Obaa Yaa
His outburst scares me
Dear Obaa Yaa,
We have been in friendship close to seven months and things have been going on smoothly to my delight.
He has very good looks, fine disposition, very accommodating and has promised that he would do all within his means to marry me.
Unfortunately, l have discovered another side of him which has frightened me to the marrow.
Recently, there was a little misunderstanding between him and a friend of his. The exchanges between the two gentlemen were serious.
Though my fiancé had been wrongly accused of the issue which triggered the misunderstanding, he has vowed never to forgive the gentleman involved.
Finally, the two intimate friends who did almost everything together are no more talking to each other. Some of their colleagues had attempted to settle the matter, but without success.
Eventually, the matter is in court and judgement is yet to be delivered.
Being the calm person that l am, and for the fact that l cannot stand quarrels of such magnitude, l have made up my mind to end the relationship since l cannot tell when a powerful ‘axe’ of this sort will land on my head to embarrass me.
l have taken my decision but l would like to listen to your opinion on this matter.
Aba, Cape Coast.
Dear Aba,
I would like to commend you for the bold initiative you have taken to decide on your future irrespective of the flamboyant gentleman of your heart.

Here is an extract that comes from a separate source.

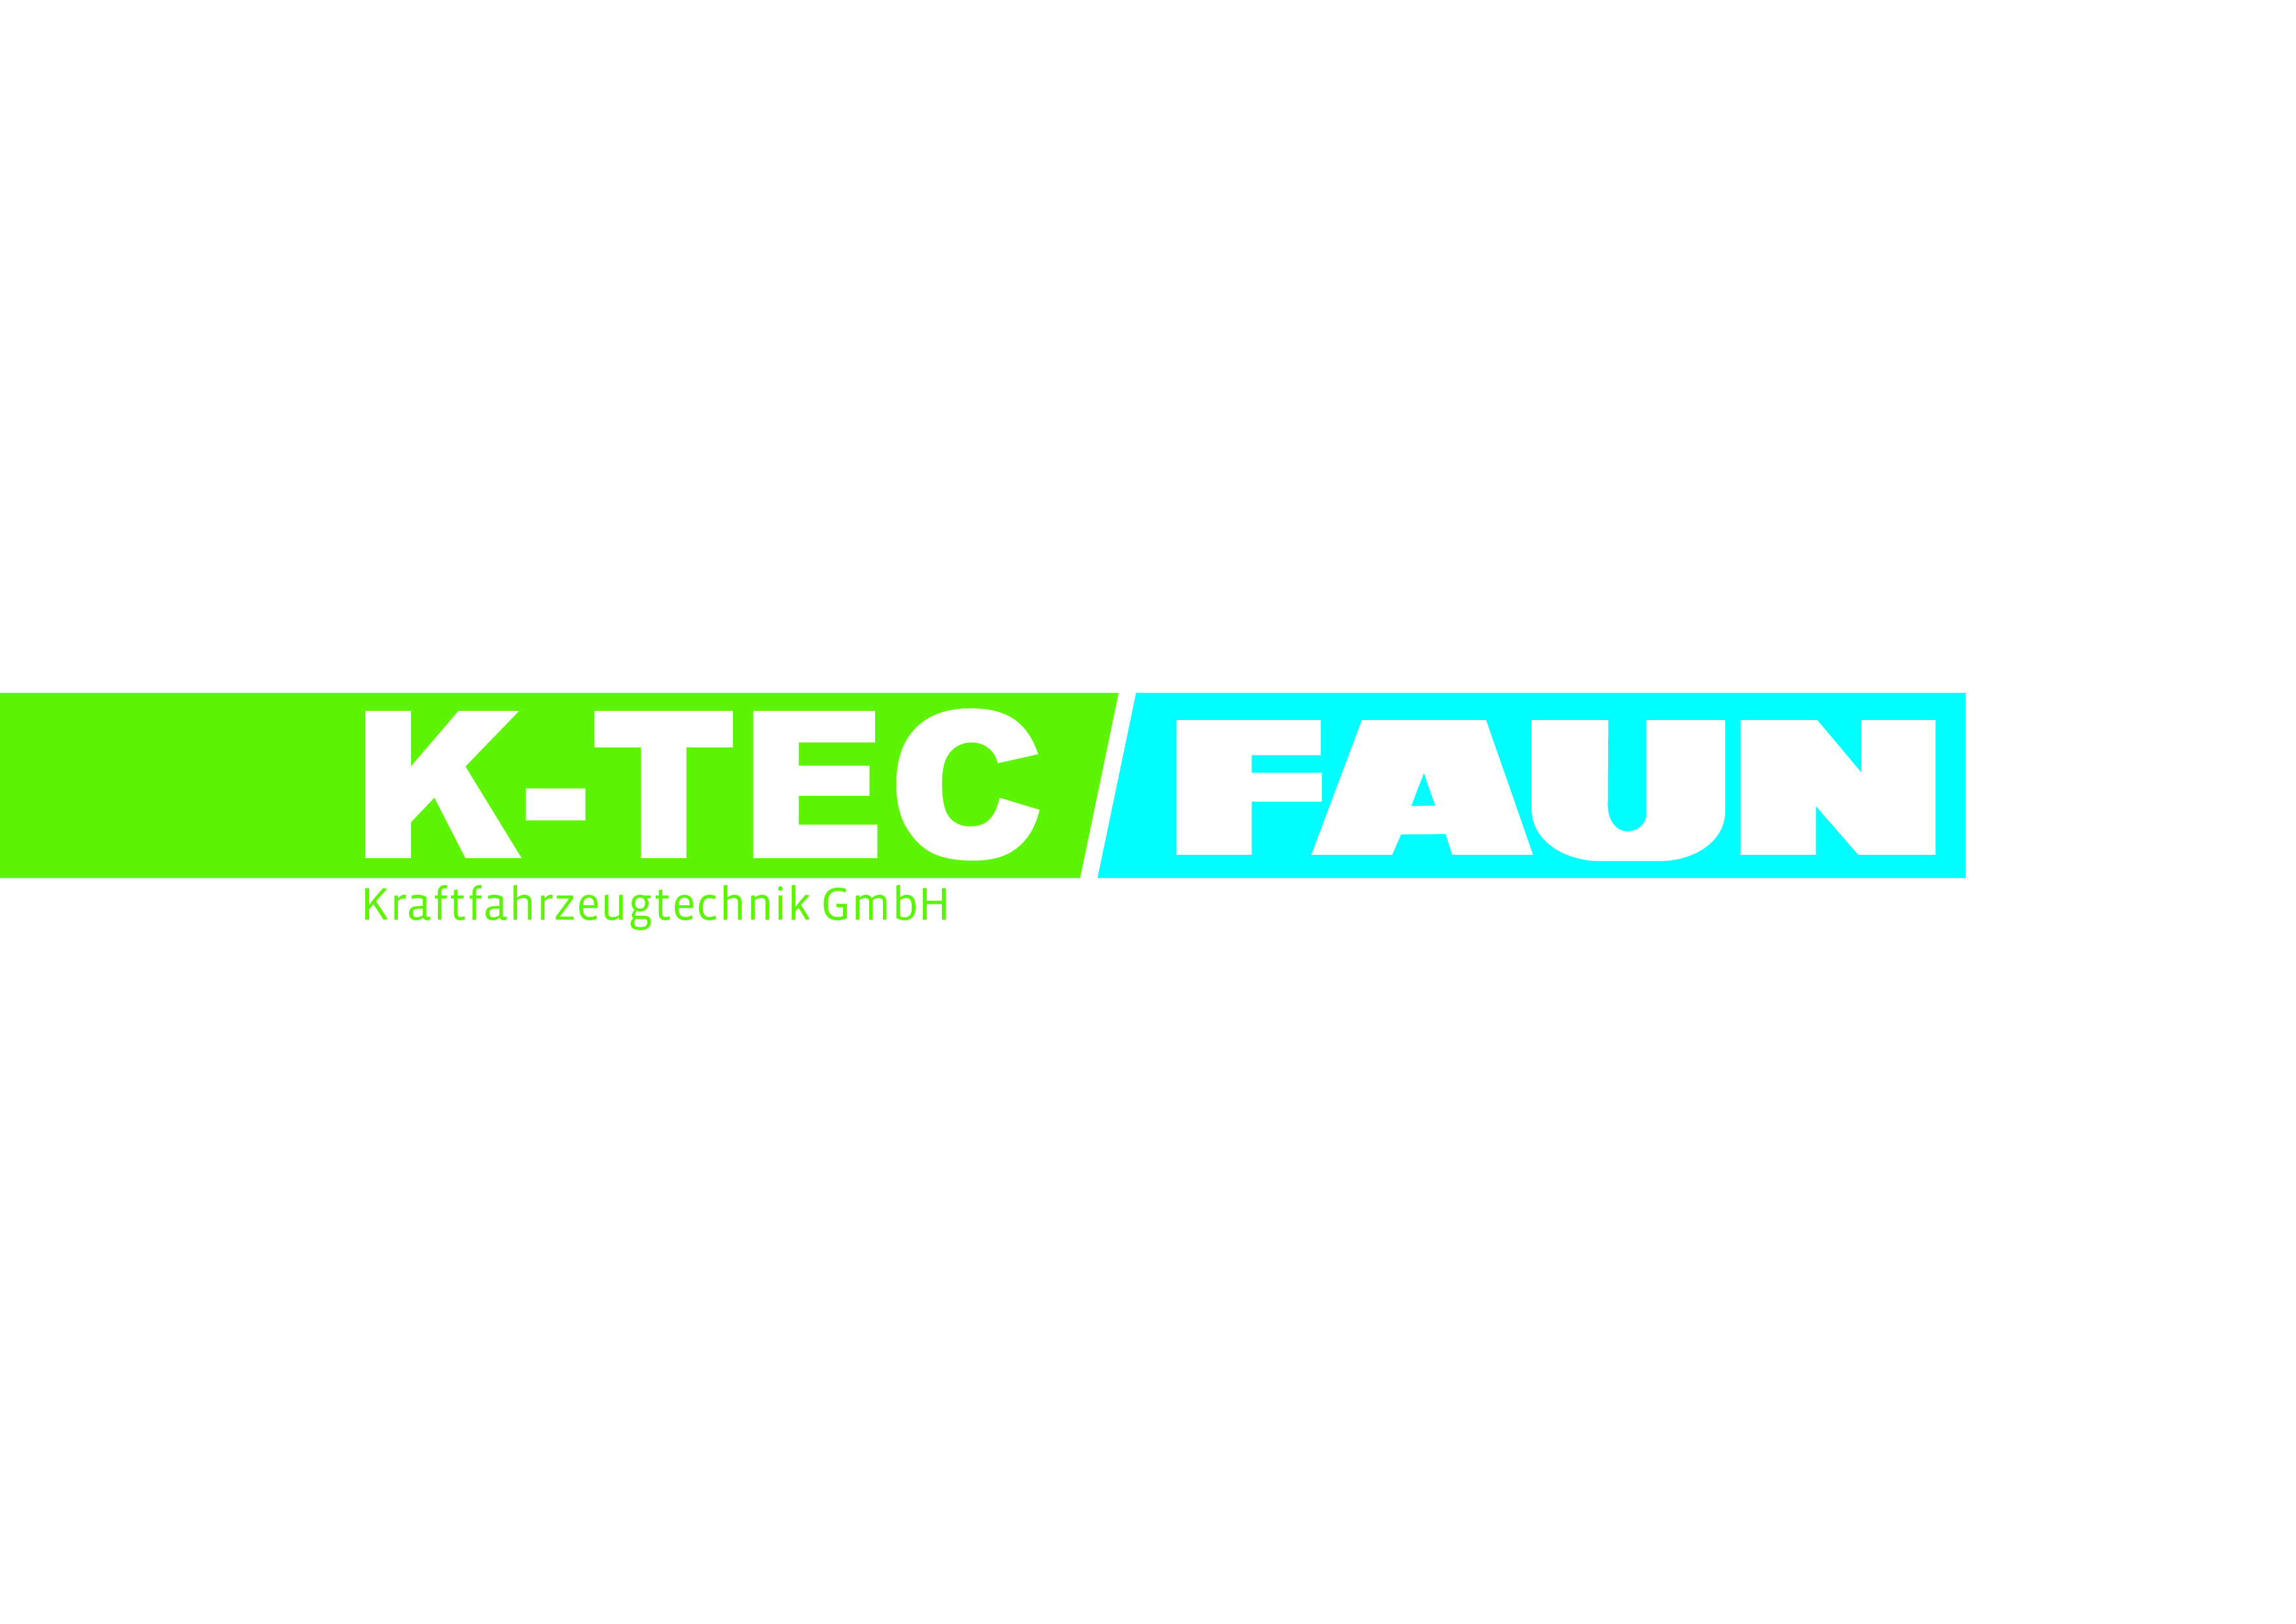 K-TEC FAUN Kraftfahrzeugtechnik GmbH

A period for courtship is an occasion for two love birds to study each other, be satisfied and equally prepared to handle the shortcomings or challenges of your partner.
The would-be -couple must come to the realisation that they are compatible and for that matter can live together.
This is not a period to indulge in sex, because taking such a position would prevent one from taking definitive decision, if one would like to back out of the relationship.
Obaa Yaa
My wife cheated twice
Six months after marriage, I realised my wife had cheated twice. One happened months before marriage and the other happened just two months after marriage. We dated for four years before we got married.
She had saved the name on her phone as Chairman. The conversation between them didn’t happen every day but once they talked, everything was about sex. My wife encouraged every word and even made suggestions as to where to meet.
I want to meet ‘Chairman,’ is it a good or a bad idea?
Yoofi, Takoradi.
Dear Yoofi,
What you have discovered is deeply painful, especially after investing four years of dating and entering marriage with trust, love and commitment. Betrayal in marriage is not only about the physical act, but also the emotional damage, secrecy and broken trust that come with it.
At this point, it is important not to make decisions purely out of anger or revenge. You need clarity, honest and calm conversations. Your wife must first be willing to tell the whole truth and take responsibility for her actions without excuses.
However, before deciding whether to stay or leave, ask yourself some important questions. Is she willing to cut ties completely with this man? Is she ready to rebuild trust through openness and accountability? And most importantly, do you still see a future with her despite the hurt?
Healing from infidelity takes time, patience and sometimes professional counselling. Do not suffer in silence. Speak to a trusted counsellor, pastor or matured family person who can guide both of you wisely.
Obaa Yaa
Girls are dishonest
Dear Obaa Yaa,
I am 28 years old guy who has been posted as a trained teacher in one of the rural areas in the Central Region.
I didn’t move in with my family because of the nature of my wife’s job.
About two months ago, I befriended one of the students who run errands for me. One thing led to the other and mistakenly had my way with her.
After two weeks, the girl came to tell me that she was pregnant and that I should give her money to terminate the pregnancy because if her parents get to know of it, they would cause my arrest.
This got me disturbed because I might lose [u1] my job.
Upon a second thought, I discussed this with a friend and she told me it might be a plan to extort money from me.
I personally texted her not to terminate the pregnancy but interestingly, I received a response that she has seen her monthly flow.
In fact, I became convinced about what my colleague told me. I want to end the relationship, what should I tell her and what should be my response when my wife hears of it.
Obaa Yaa, please I need an urgent advice.
David, Tema.
Dear David,
Your case is a very simple one. You are even lucky your friend who is much acquainted with the chicanery of the local girls fortunately hinted you and the girl has confirmed it all.
You better quit that relationship and avoid her because she thinks about following you home.
If you haven’t told her you are married, please tell her now.